Could you repeat, word for word, every line from the one containing "Les poteaux disposés" through the final line of the records below, and nothing else?

Data extracted from a collection

————

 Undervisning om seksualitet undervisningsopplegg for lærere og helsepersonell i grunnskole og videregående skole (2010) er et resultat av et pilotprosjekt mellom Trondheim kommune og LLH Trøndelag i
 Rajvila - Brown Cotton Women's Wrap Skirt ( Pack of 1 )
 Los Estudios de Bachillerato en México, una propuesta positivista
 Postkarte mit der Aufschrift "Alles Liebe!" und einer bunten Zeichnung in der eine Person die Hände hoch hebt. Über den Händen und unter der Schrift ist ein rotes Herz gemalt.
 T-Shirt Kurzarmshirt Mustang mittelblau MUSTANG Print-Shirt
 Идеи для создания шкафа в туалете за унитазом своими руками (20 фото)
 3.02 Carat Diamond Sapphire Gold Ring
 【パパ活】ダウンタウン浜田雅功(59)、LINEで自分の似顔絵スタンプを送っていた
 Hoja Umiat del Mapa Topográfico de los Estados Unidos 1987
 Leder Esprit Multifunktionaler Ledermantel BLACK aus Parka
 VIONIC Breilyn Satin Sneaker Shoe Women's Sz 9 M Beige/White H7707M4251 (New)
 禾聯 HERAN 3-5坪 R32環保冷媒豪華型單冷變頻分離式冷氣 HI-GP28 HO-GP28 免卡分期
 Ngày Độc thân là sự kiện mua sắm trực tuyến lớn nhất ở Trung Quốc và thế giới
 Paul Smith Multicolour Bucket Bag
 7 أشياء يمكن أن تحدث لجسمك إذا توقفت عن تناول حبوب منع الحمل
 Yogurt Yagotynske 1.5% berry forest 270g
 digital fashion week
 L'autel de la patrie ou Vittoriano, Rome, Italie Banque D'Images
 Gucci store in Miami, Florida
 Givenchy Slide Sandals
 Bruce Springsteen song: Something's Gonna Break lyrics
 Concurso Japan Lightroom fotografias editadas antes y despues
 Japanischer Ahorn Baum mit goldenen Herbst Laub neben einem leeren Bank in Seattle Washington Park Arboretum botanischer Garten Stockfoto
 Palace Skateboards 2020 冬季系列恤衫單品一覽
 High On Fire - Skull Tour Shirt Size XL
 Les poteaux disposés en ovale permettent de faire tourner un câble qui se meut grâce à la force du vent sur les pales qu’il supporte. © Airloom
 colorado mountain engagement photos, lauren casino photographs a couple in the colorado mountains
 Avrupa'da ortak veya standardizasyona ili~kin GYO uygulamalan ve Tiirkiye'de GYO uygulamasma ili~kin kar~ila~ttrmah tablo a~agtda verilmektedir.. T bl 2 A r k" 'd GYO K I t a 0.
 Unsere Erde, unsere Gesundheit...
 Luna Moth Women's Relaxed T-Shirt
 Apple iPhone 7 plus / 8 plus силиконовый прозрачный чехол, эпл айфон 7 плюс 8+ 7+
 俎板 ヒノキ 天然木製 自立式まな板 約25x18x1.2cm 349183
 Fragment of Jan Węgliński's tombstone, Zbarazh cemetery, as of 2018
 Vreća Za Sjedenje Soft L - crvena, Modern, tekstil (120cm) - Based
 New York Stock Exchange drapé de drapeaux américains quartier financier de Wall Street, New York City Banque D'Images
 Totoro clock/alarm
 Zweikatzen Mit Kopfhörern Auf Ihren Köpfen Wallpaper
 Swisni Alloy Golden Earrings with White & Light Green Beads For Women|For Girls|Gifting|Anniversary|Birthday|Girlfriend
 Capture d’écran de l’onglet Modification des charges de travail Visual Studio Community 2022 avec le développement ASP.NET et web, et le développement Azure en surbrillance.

————

→ Result of the exercise:
 Les poteaux disposés en ovale permettent de faire tourner un câble qui se meut grâce à la force du vent sur les pales qu’il supporte. © Airloom
 colorado mountain engagement photos, lauren casino photographs a couple in the colorado mountains
 Avrupa'da ortak veya standardizasyona ili~kin GYO uygulamalan ve Tiirkiye'de GYO uygulamasma ili~kin kar~ila~ttrmah tablo a~agtda verilmektedir.. T bl 2 A r k" 'd GYO K I t a 0.
 Unsere Erde, unsere Gesundheit...
 Luna Moth Women's Relaxed T-Shirt
 Apple iPhone 7 plus / 8 plus силиконовый прозрачный чехол, эпл айфон 7 плюс 8+ 7+
 俎板 ヒノキ 天然木製 自立式まな板 約25x18x1.2cm 349183
 Fragment of Jan Węgliński's tombstone, Zbarazh cemetery, as of 2018
 Vreća Za Sjedenje Soft L - crvena, Modern, tekstil (120cm) - Based
 New York Stock Exchange drapé de drapeaux américains quartier financier de Wall Street, New York City Banque D'Images
 Totoro clock/alarm
 Zweikatzen Mit Kopfhörern Auf Ihren Köpfen Wallpaper
 Swisni Alloy Golden Earrings with White & Light Green Beads For Women|For Girls|Gifting|Anniversary|Birthday|Girlfriend
 Capture d’écran de l’onglet Modification des charges de travail Visual Studio Community 2022 avec le développement ASP.NET et web, et le développement Azure en surbrillance.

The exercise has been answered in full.